Rioz answered, “That you, Ted?”
“You bet. Is that Dick with you?”
“Sure. Come on, sit down. We were just getting ready to ice in and we were looking for an excuse to delay.”
“I’m not,” said Swenson promptly. “When will we be leaving, Ted?”
“As soon as we get through. That’s no answer, is it?”
Swenson said dispiritedly, “I suppose there isn’t any other answer.”
Long looked up, staring at the irregular bright splotch in the sky.
Rioz followed his glance. “What’s the matter?”
For a moment, Long did not reply. The sky was black otherwise and the ring fragments were an orange dust against it. Saturn was more than three fourths below the horizon and the rings were going with it. Half a mile away a ship bounded past the icy rim of the planetoid into the sky, was orange-lit by Saturn-light, and sank down again.
The ground trembled gently.
Rioz said, “Something bothering you about the Shadow?”
They called it that. It was the nearest fragment of the rings, quite close considering that they were at the outer rim of the rings, where the pieces spread themselves relatively thin. It was perhaps twenty miles off, a jagged mountain, its shape clearly visible.
“How does it look to you?” asked Long.
Rioz shrugged. “Okay, I guess. I don’t see anything wrong.”
“Doesn’t it seem to be getting larger?”
“Why should it?”
“Well, doesn’t it?” Long insisted.
Rioz and Swenson stared at it thoughtfully.
“It does look bigger,” said Swenson.
“You’re just putting the notion into our minds,” Rioz argued. “If it were getting bigger, it would be coming closer.”
“What’s impossible about that?”
“These things are on stable orbits.”
“They were when we came here,” said Long. “There, did you feel that?”
The ground had trembled again.
Long said, “We’ve been blasting this thing for a week now. First, twenty-five ships landed on it, which changed its momentum right there. Not much, of course. Then we’ve been melting parts of it away and our ships have been blasting in and out of it—all at one end, too. In a week, we may have changed its orbit just a bit. The two fragments, this one and the Shadow, might be converging.”

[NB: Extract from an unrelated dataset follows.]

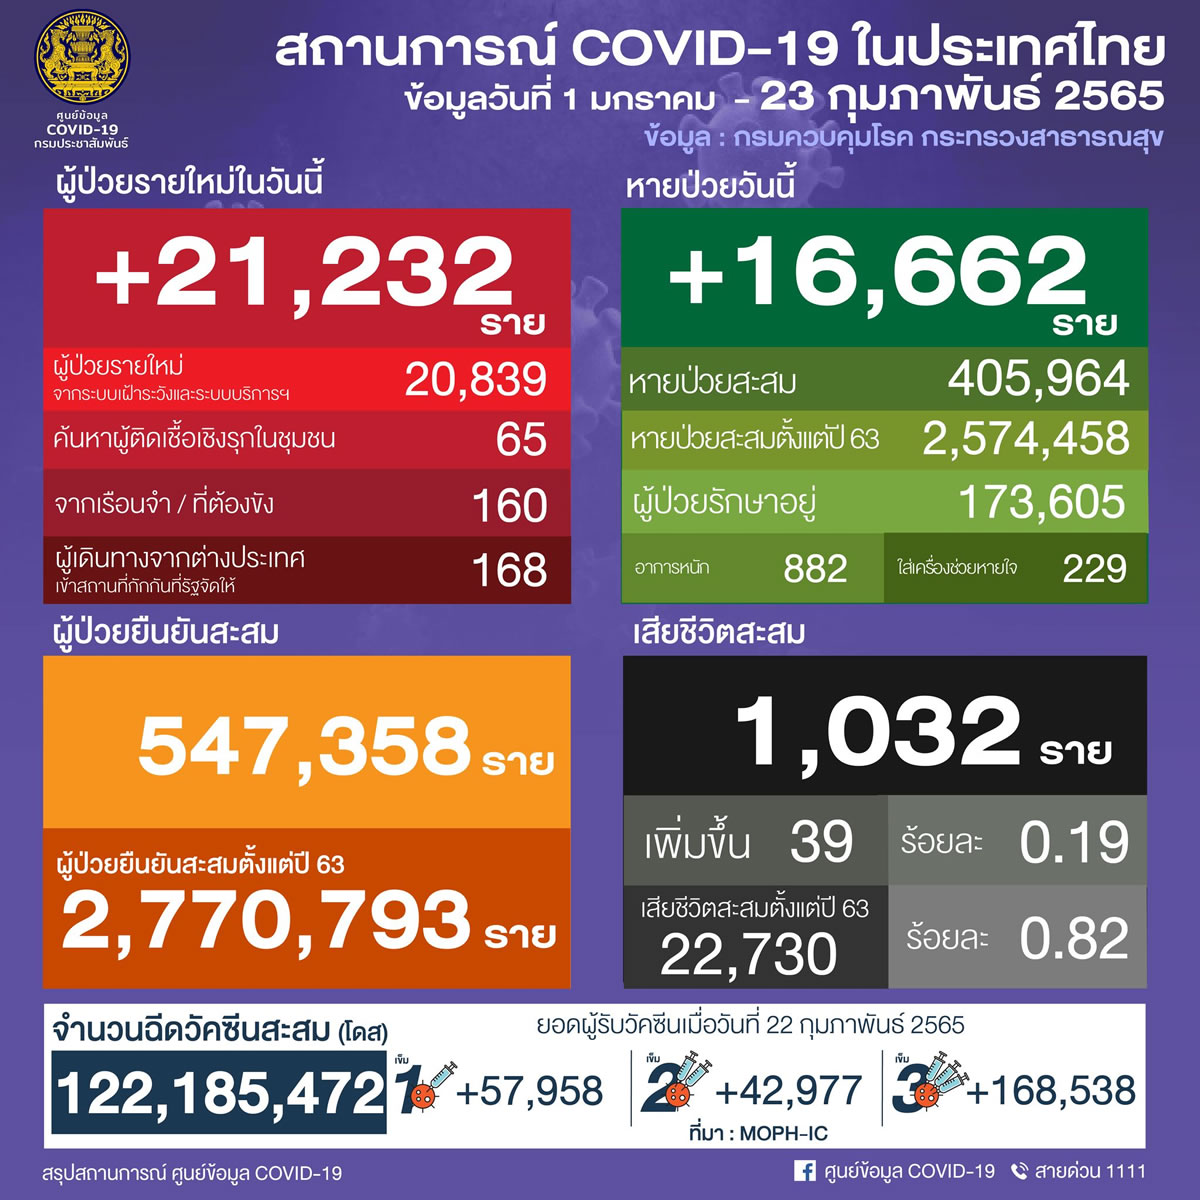 タイ 21,232人陽性 39人死亡／バンコク 3,079人陽性／チョンブリ 1,369人陽性／サムットプラカン 990人陽性［2022年2月23日発表］

“It’s got plenty of room to miss us in.” Rioz watched it thoughtfully. “Besides, if we can’t even tell for sure that it’s getting bigger, how quickly can it be moving? Relative to us, I mean.”
“It doesn’t have to be moving quickly. Its momentum is as large as ours, so that, however gently it hits, we’ll be nudged completely out of our orbit, maybe in toward Saturn, where we don’t want to go. As a matter of fact, ice has a very low tensile strength, so that both planetoids might break up into gravel.”
Swenson rose to his feet. “Damn it, if I can tell how a shell is moving a thousand miles away, I can tell what a mountain is doing twenty miles away.” He turned toward the ship.
Long didn’t stop him.
Rioz said, “There’s a nervous guy.”
The neighboring planetoid rose to zenith, passed overhead, began sinking. Twenty minutes later, the horizon opposite that portion behind which Saturn had disappeared burst into orange flame as its bulk began lifting again.
Rioz called into his radio, “Hey Dick, are you dead in there?”
“I’m checking,” came the muffled response.
“Is it moving?” asked Long.
“Yes.”
“Toward us?”
There was a pause. Swenson’s voice was a sick one. “On the nose, Ted. Intersection of orbits will take place in three days.”
“You’re crazy!” yelled Rioz.
“I checked four times,” said Swenson.
Long thought blankly, What do we do now?